Your task is to output the listing word for word, with pictures excluded.

#### MATERIAL PROVIDED
=== Section Start ===

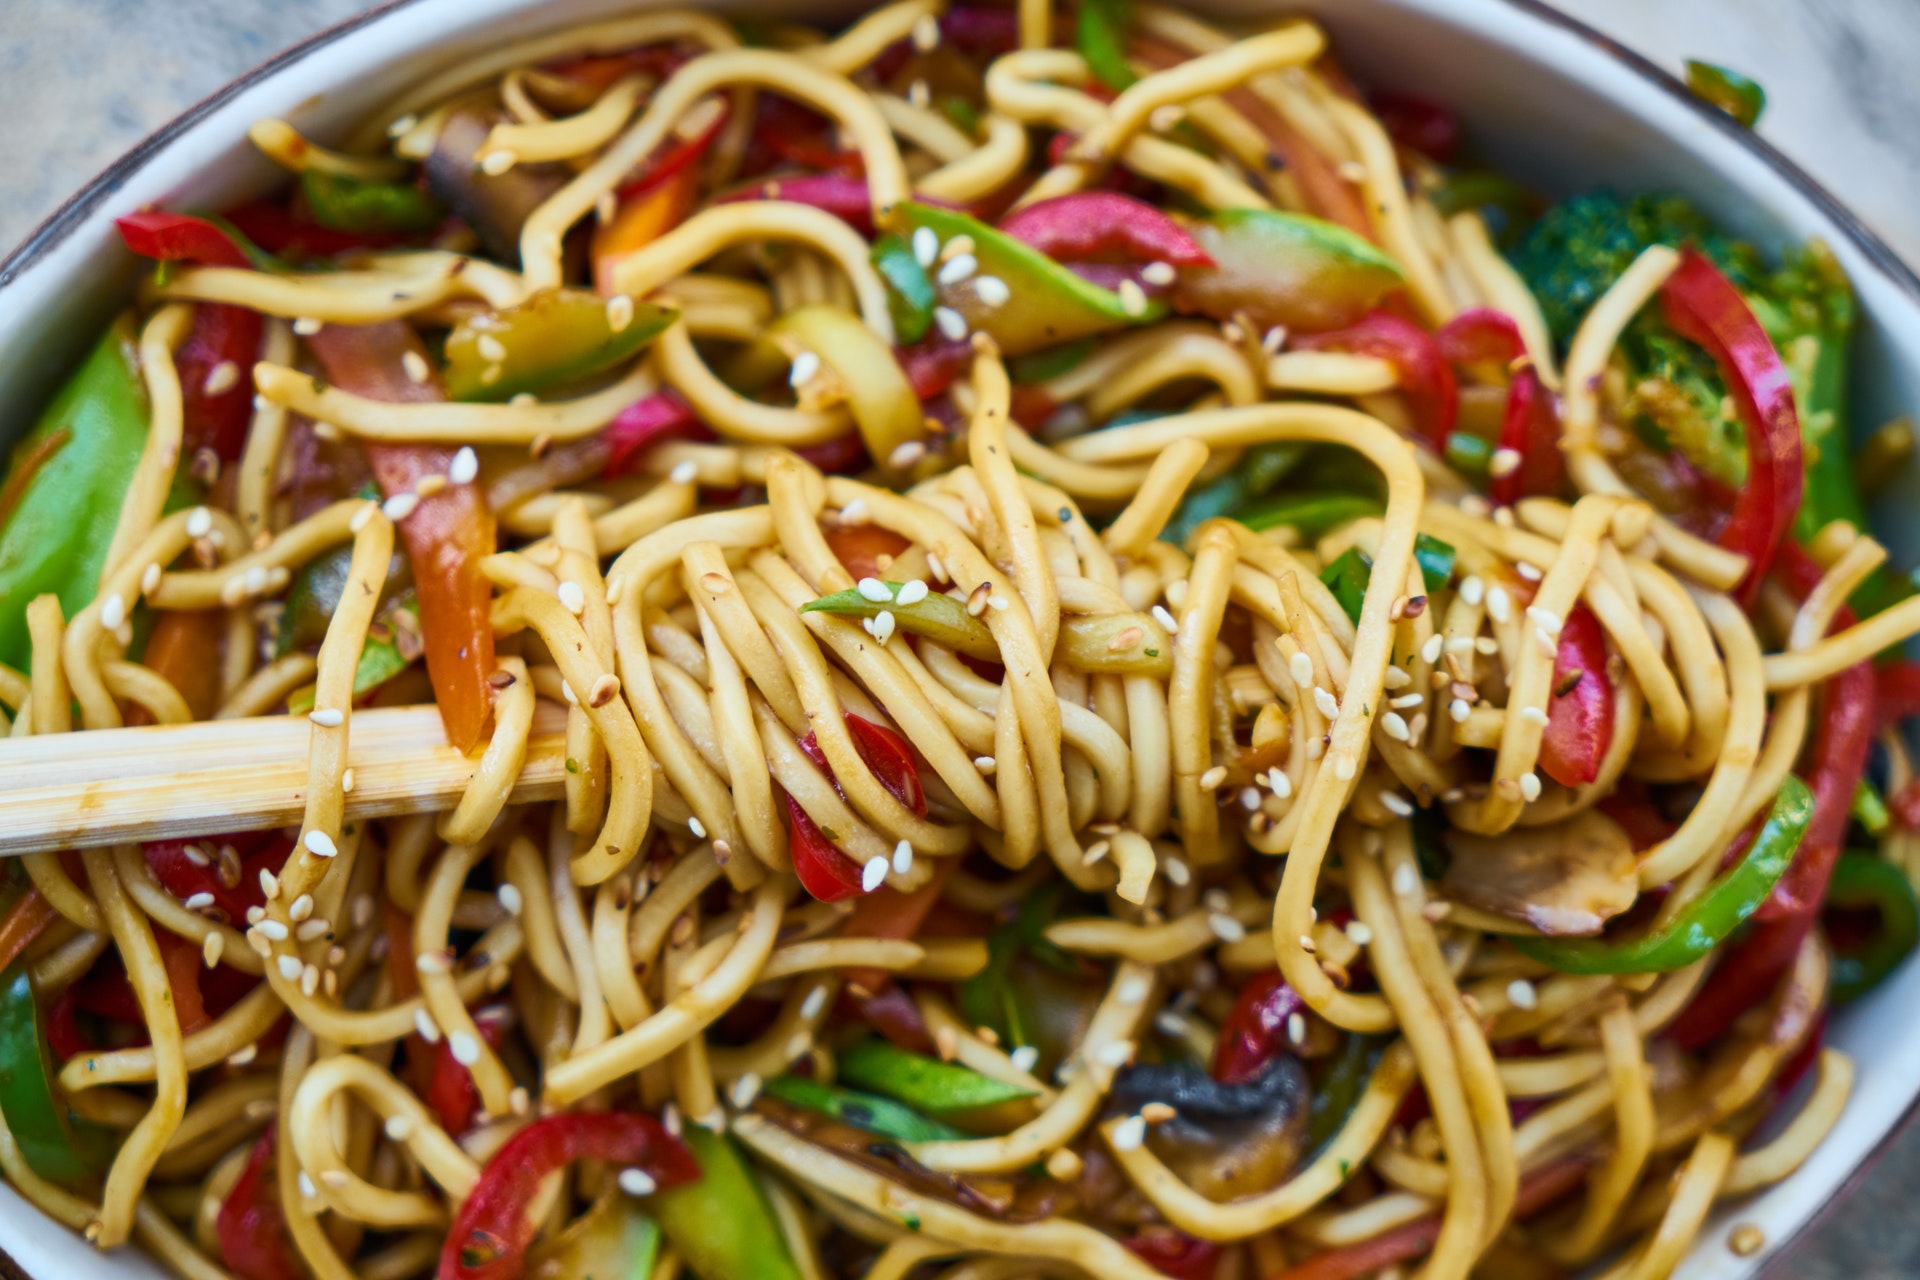 Bowl of Stir Crazy Thai cuisine dish available at Windsor and Penrith Takeaway or Eat In
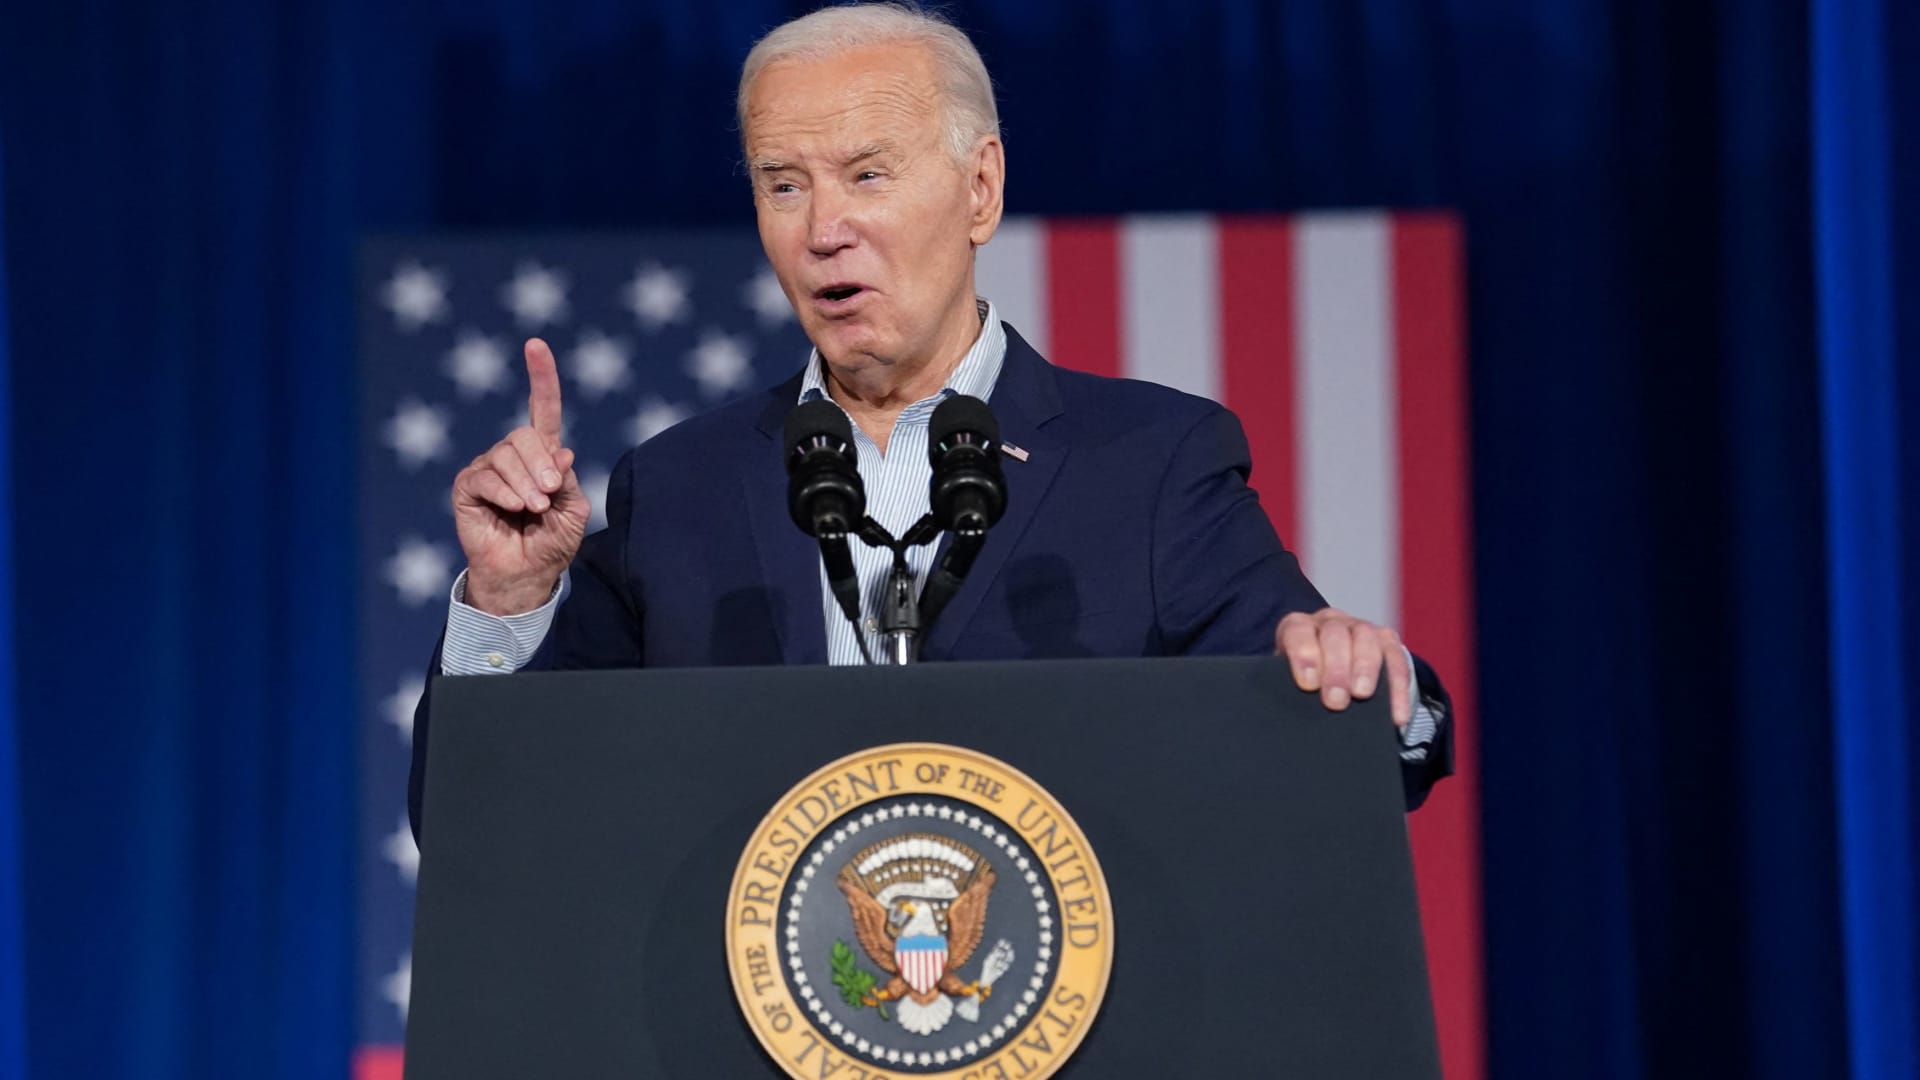 Embracing Diversity: Biden Emphasizes Importance of Immigrants in U.S. Economy and Criticizes Xenophobia in Other Countries
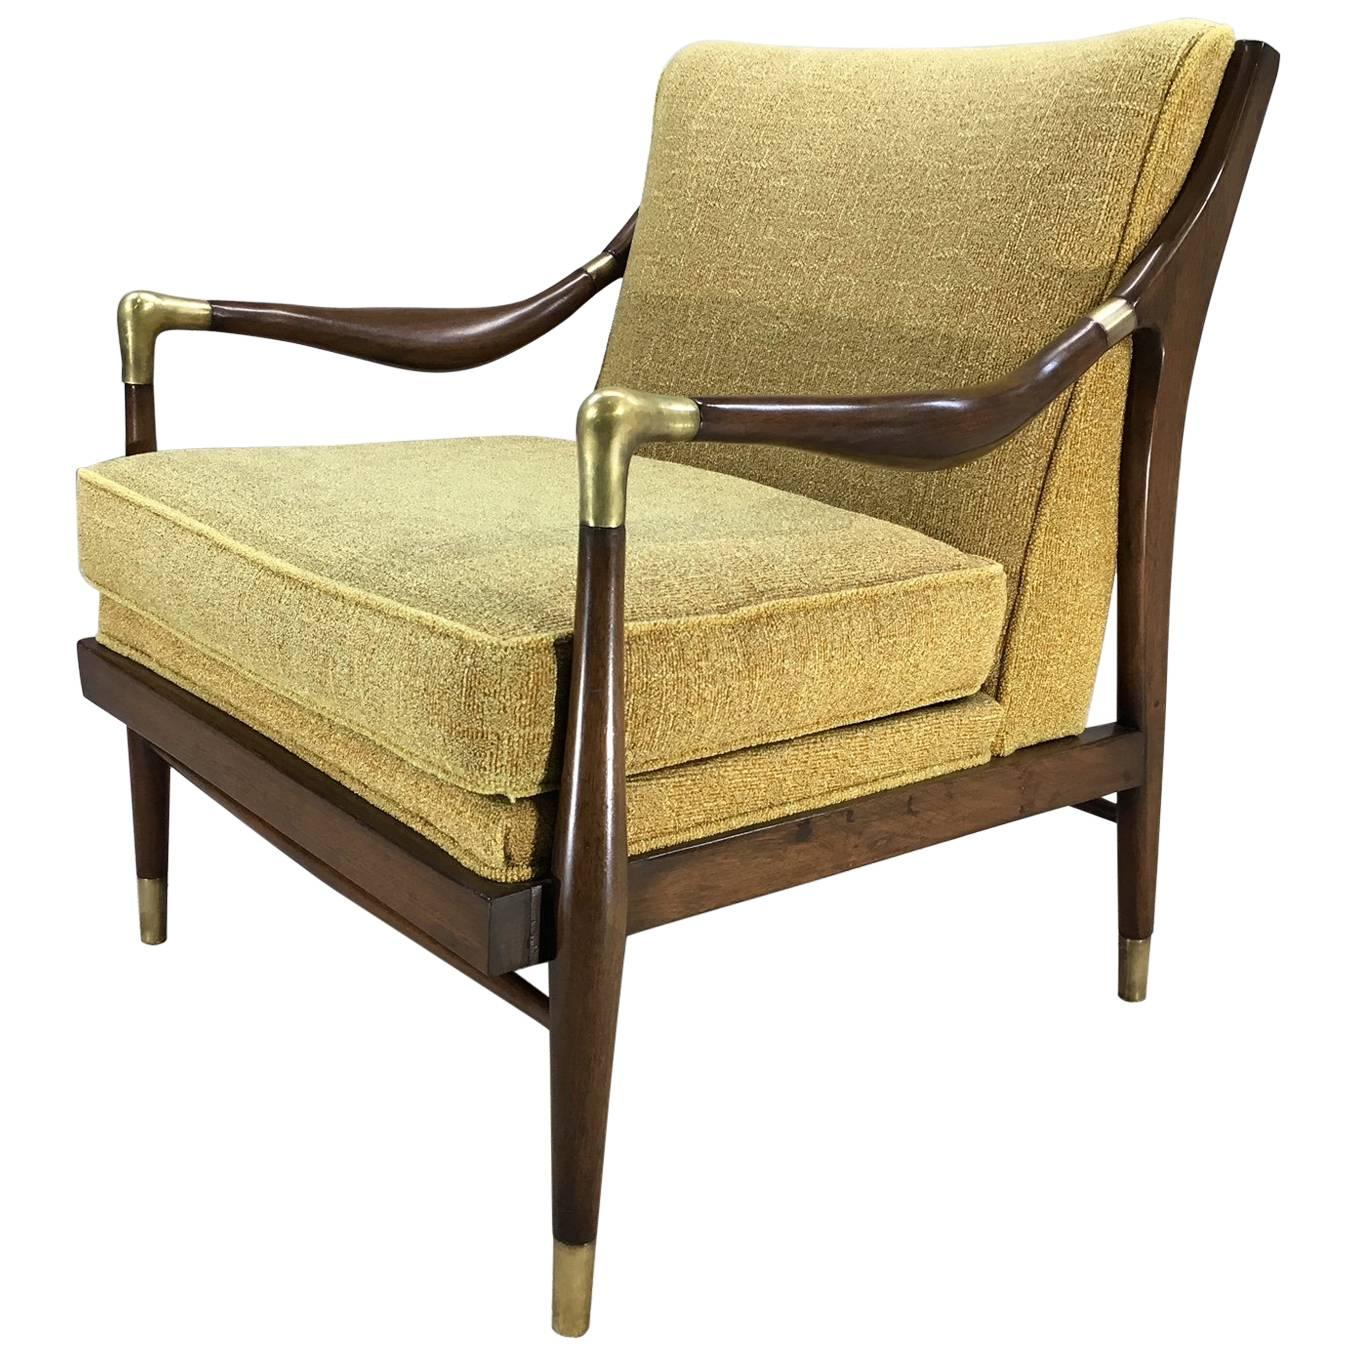 Gio Ponti Style Sculptural Walnut Open Armchair by Jamestown Royal, 1950s

=== Section End ===

#### WRITTEN REPLY
 Bowl of Stir Crazy Thai cuisine dish available at Windsor and Penrith Takeaway or Eat In
 Embracing Diversity: Biden Emphasizes Importance of Immigrants in U.S. Economy and Criticizes Xenophobia in Other Countries
 Gio Ponti Style Sculptural Walnut Open Armchair by Jamestown Royal, 1950s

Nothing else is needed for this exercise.